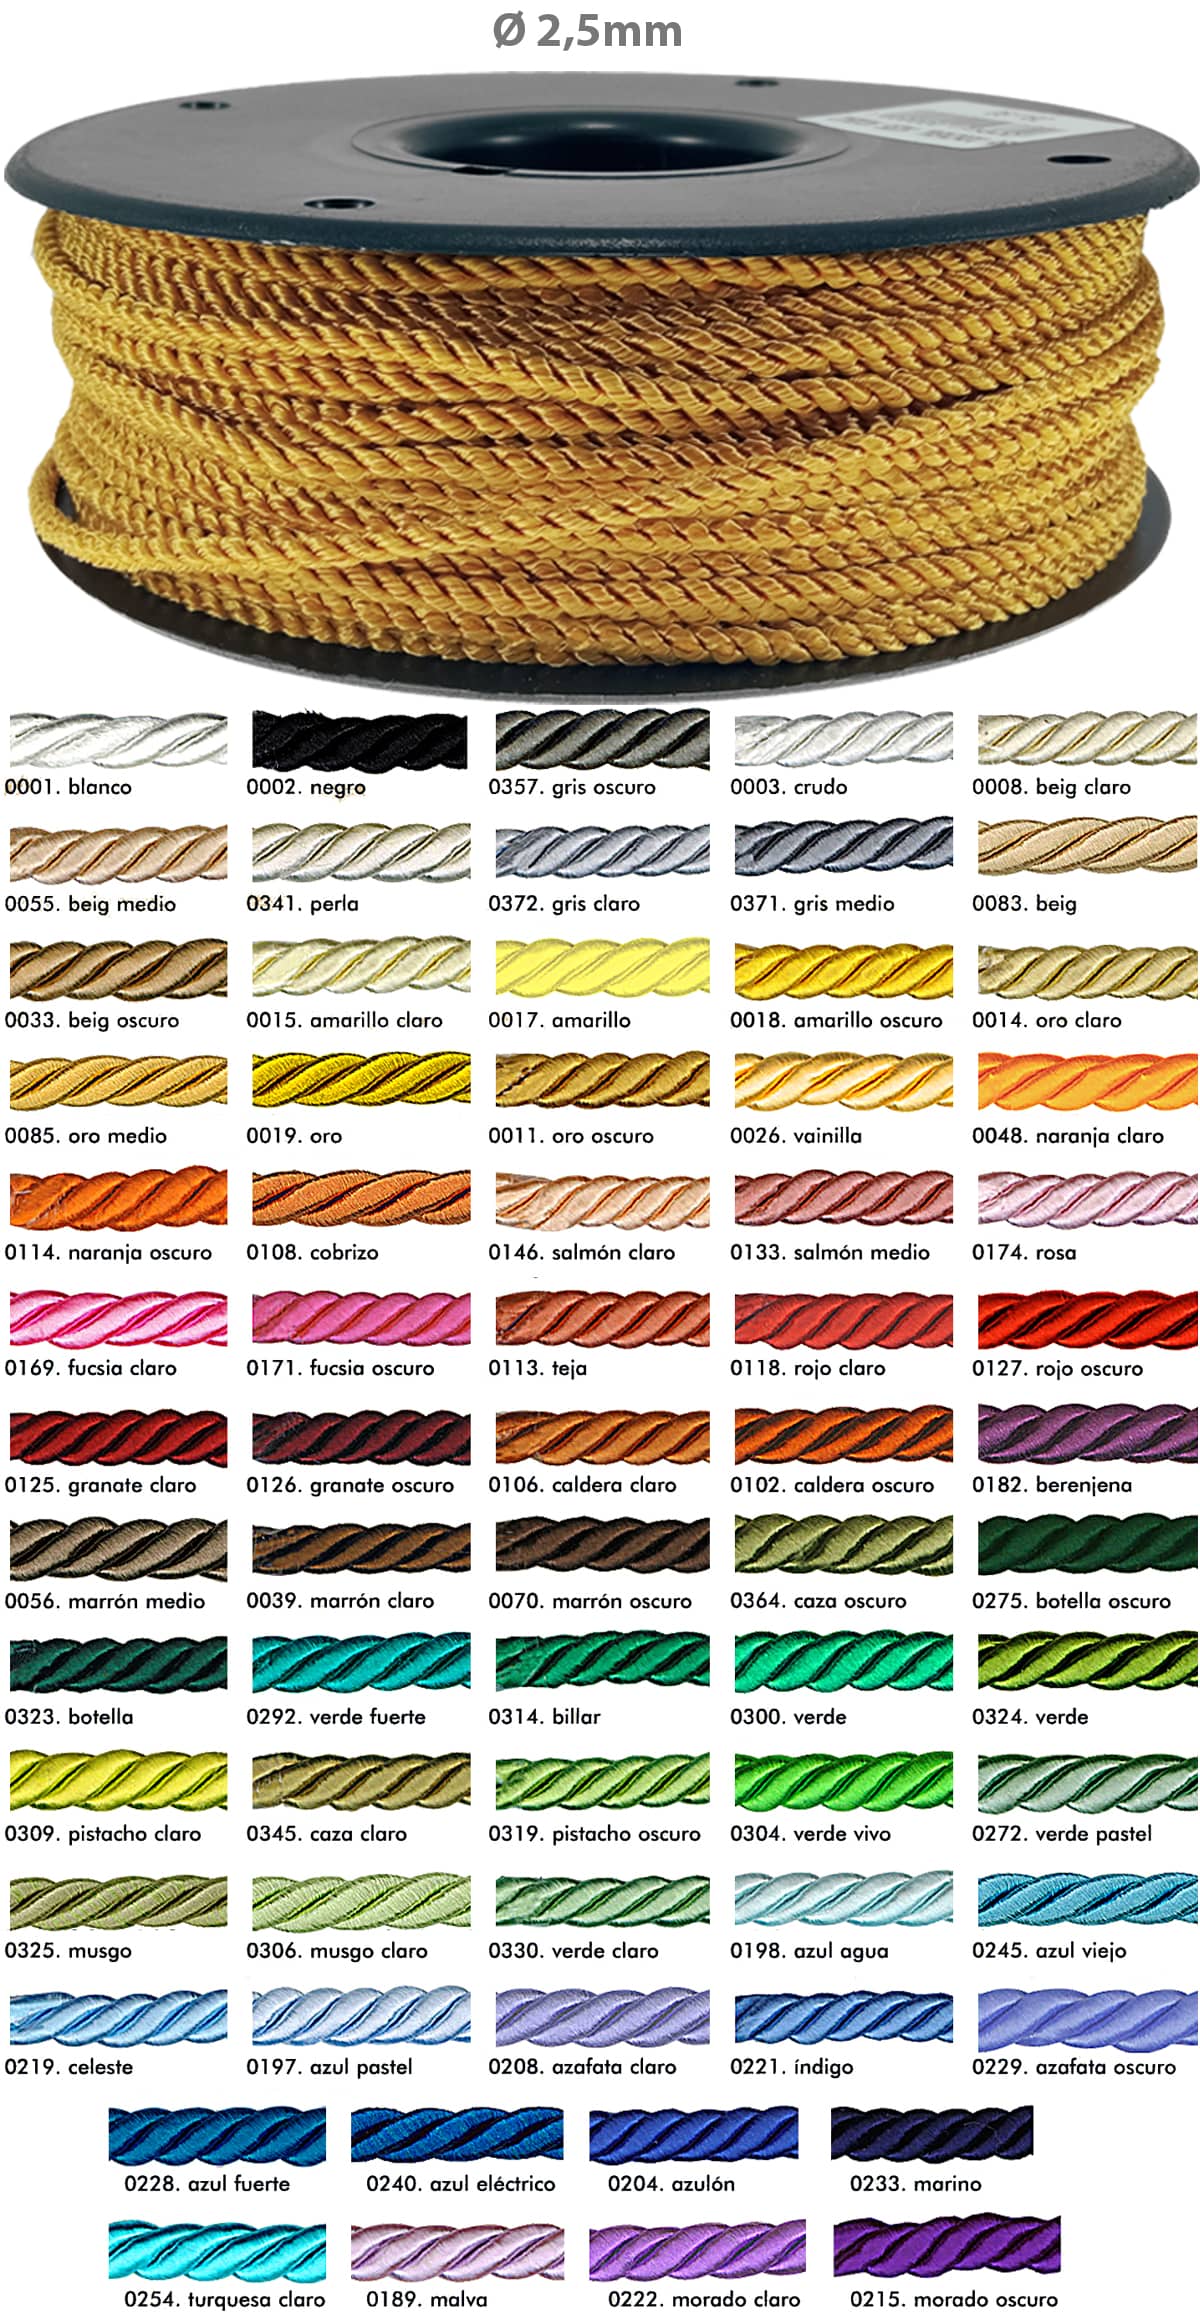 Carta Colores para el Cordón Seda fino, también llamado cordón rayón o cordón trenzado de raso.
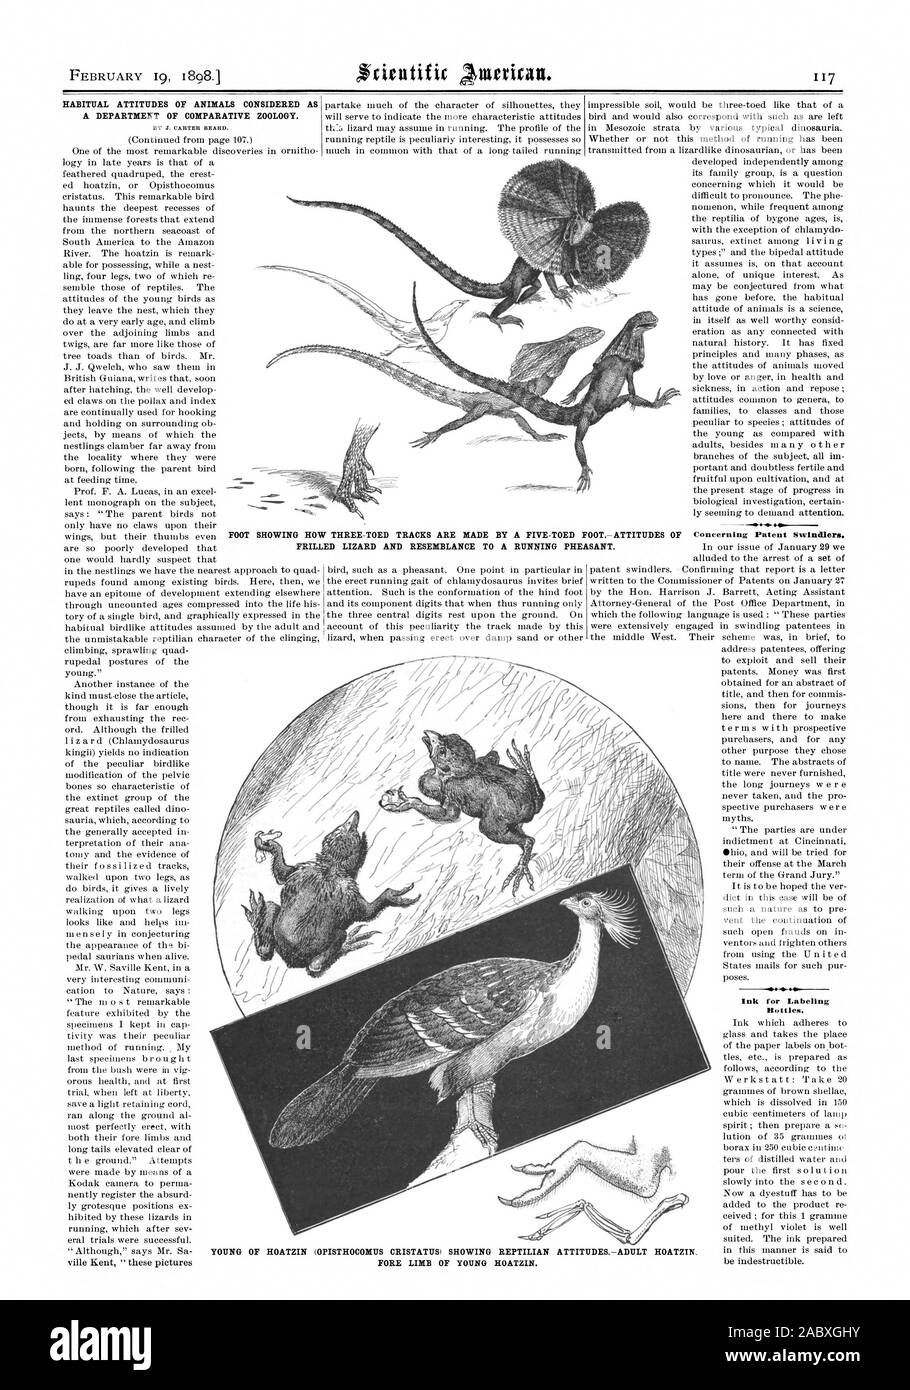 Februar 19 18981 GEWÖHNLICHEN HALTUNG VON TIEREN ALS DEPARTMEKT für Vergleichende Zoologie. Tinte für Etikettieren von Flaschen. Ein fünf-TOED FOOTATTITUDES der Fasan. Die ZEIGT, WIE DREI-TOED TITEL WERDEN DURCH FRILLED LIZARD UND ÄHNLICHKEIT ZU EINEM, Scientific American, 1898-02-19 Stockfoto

--

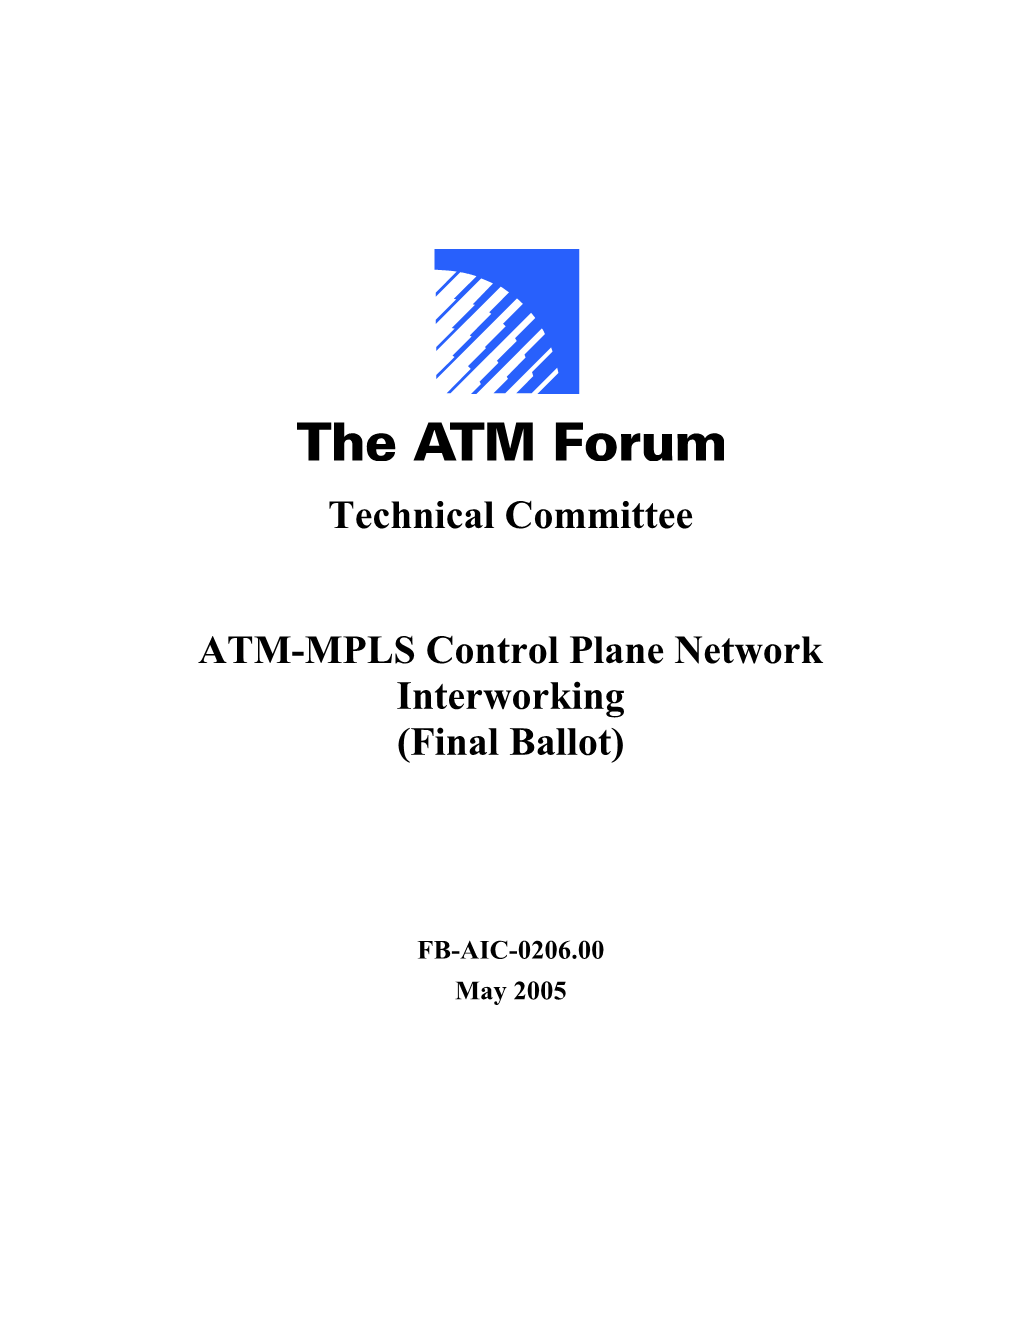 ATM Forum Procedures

--

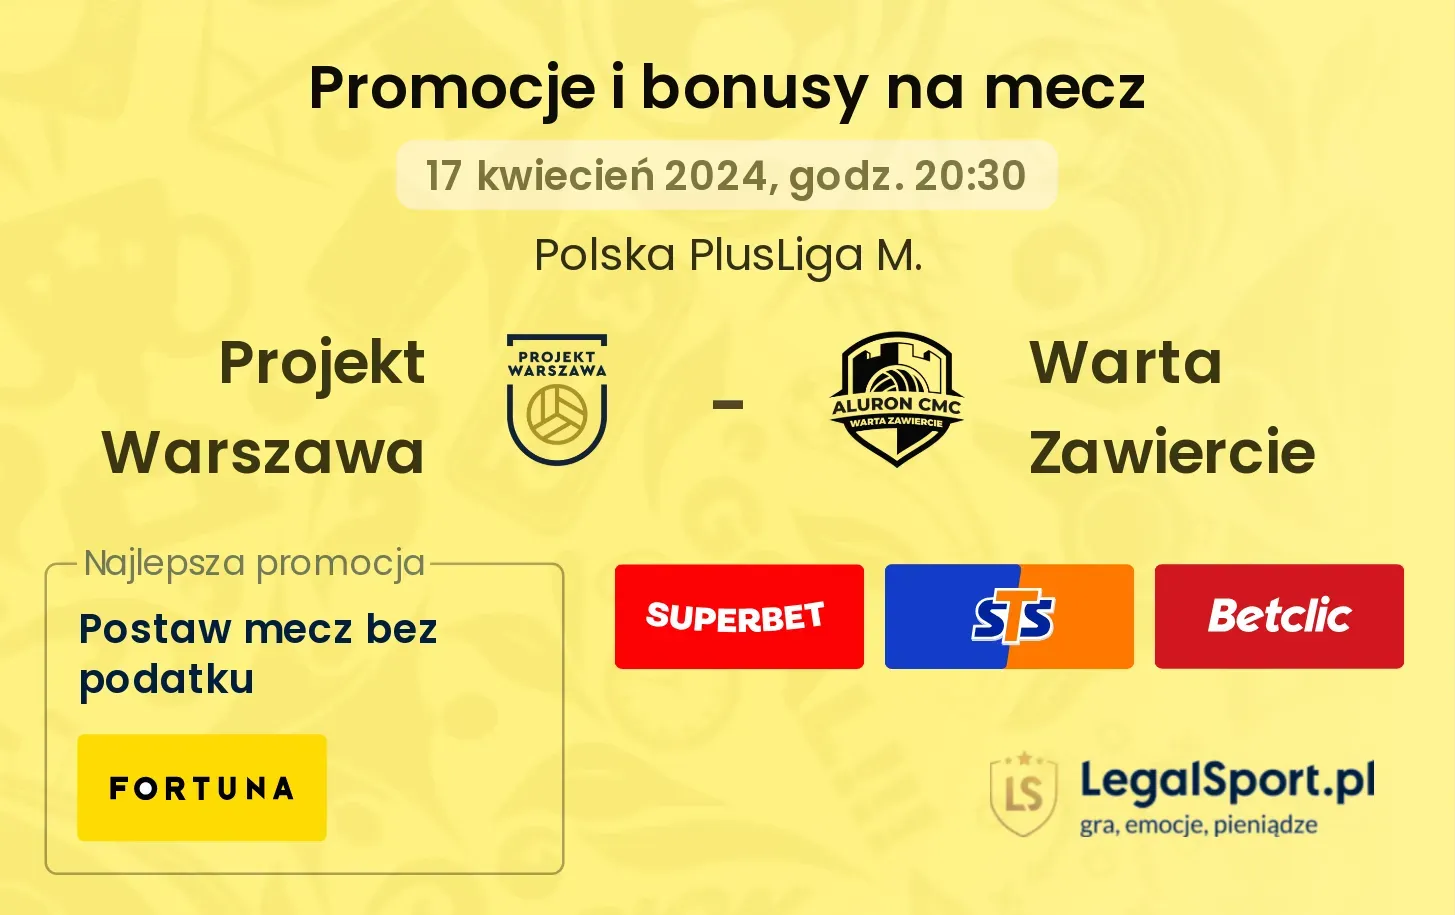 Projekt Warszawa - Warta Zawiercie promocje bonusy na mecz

▶ [Your goal]: Would you copy, word for word, only the lines above from the one containing "Carta Colores para" through the one containing "Februar 19 18981", both included, and please leave out the pictures?

▶ [Solution for this problem]:
 Carta Colores para el Cordón Seda fino, también llamado cordón rayón o cordón trenzado de raso.
 Februar 19 18981 GEWÖHNLICHEN HALTUNG VON TIEREN ALS DEPARTMEKT für Vergleichende Zoologie. Tinte für Etikettieren von Flaschen. Ein fünf-TOED FOOTATTITUDES der Fasan. Die ZEIGT, WIE DREI-TOED TITEL WERDEN DURCH FRILLED LIZARD UND ÄHNLICHKEIT ZU EINEM, Scientific American, 1898-02-19 Stockfoto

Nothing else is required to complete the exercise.